## The problem
Your answer should hold only the lines from the one containing "beton fundering" through the last line below, copied exactly; pictures stay out.
═════ Raw data
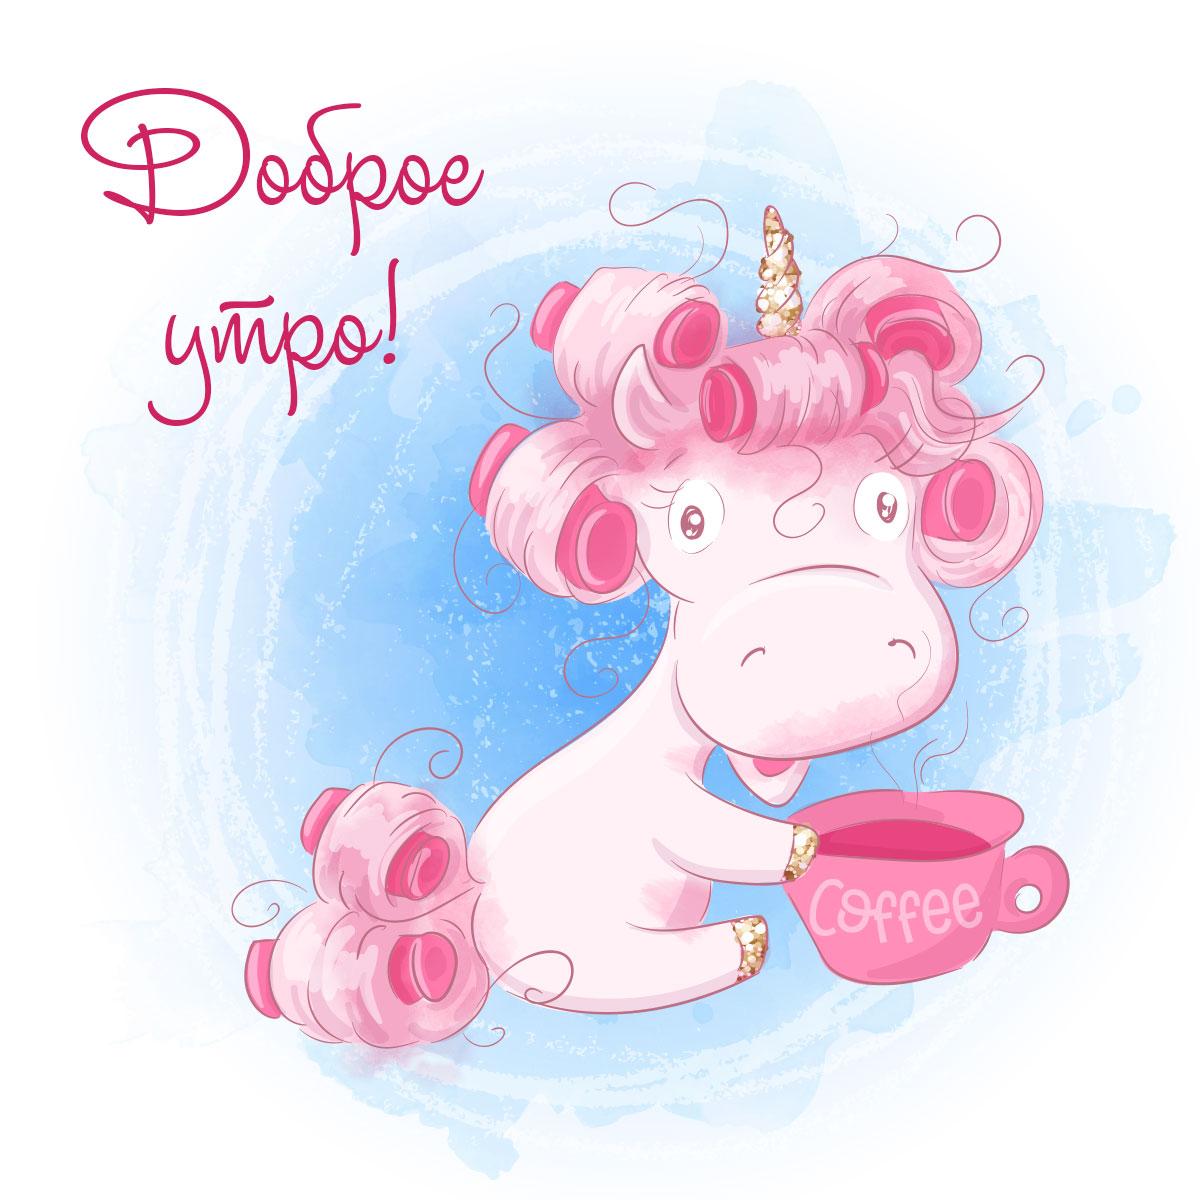 Рисунок розового единорога в бигуди на хвосте и гриве возле кружки кофе.
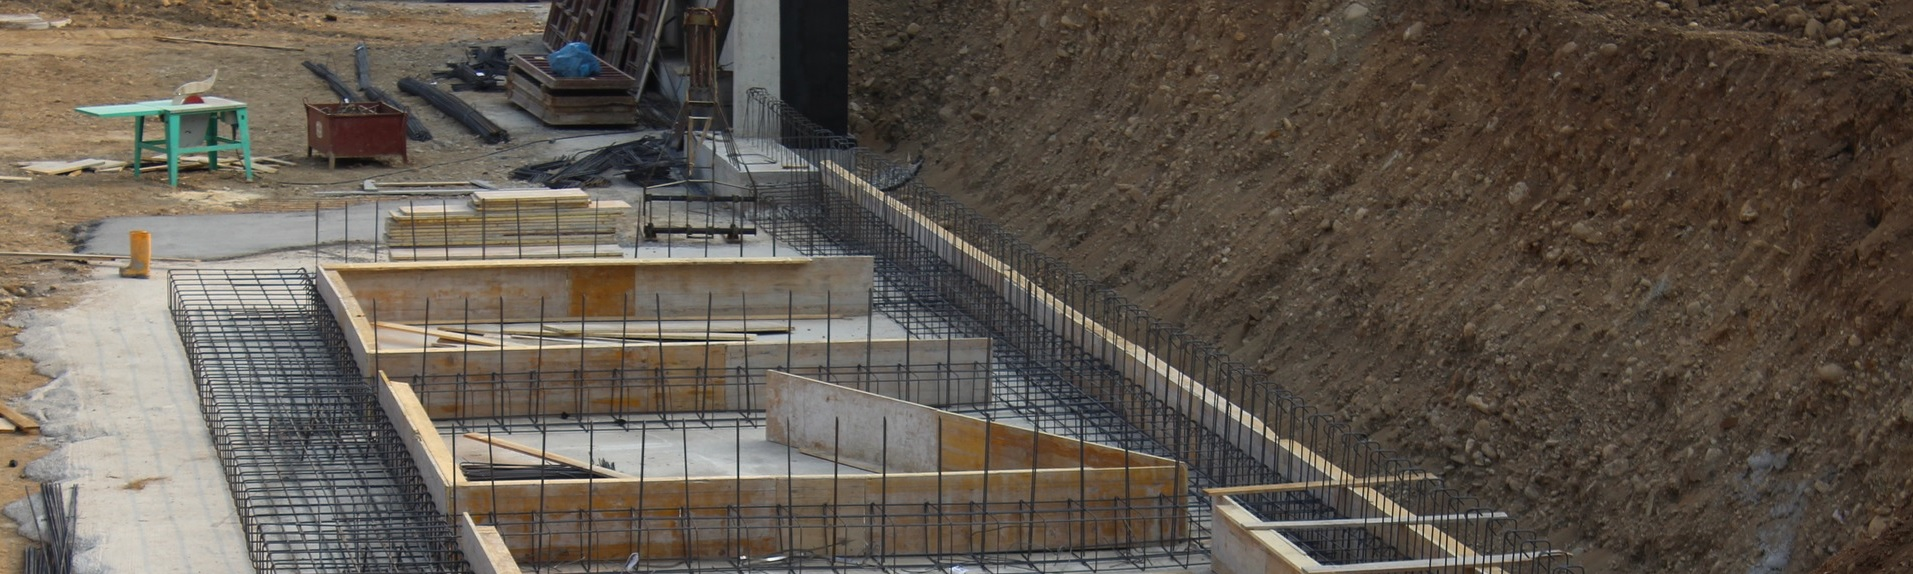 beton fundering
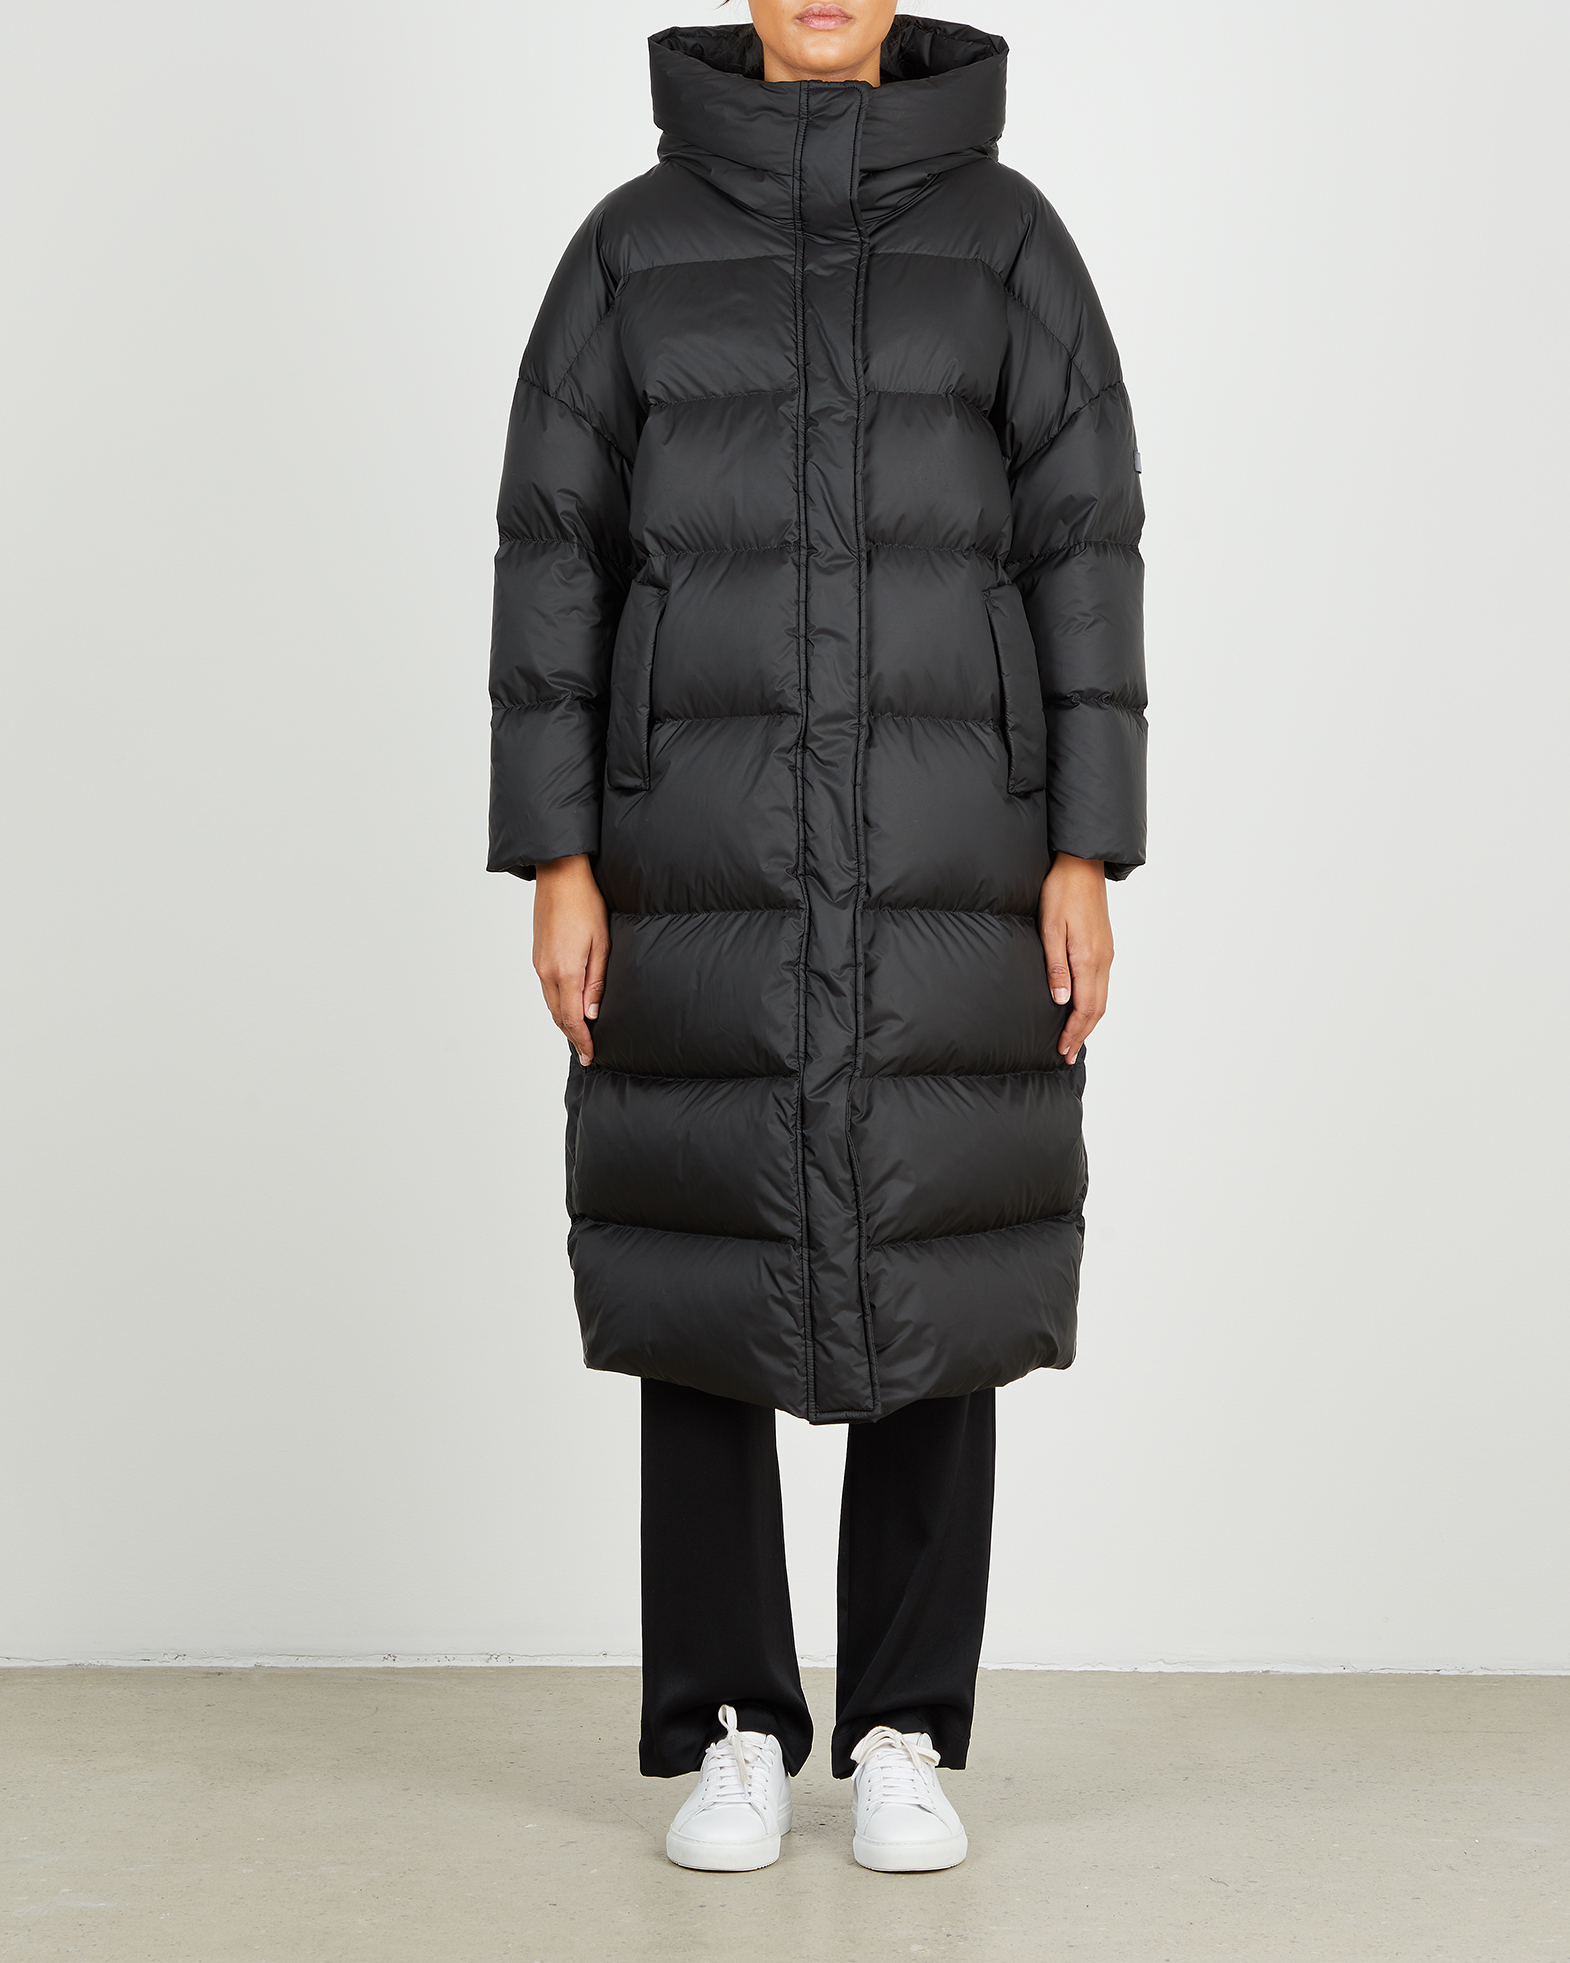 Lempelius Jacka Down Coat svart XS-S
══════════
## Solution
 beton fundering
 Lempelius Jacka Down Coat svart XS-S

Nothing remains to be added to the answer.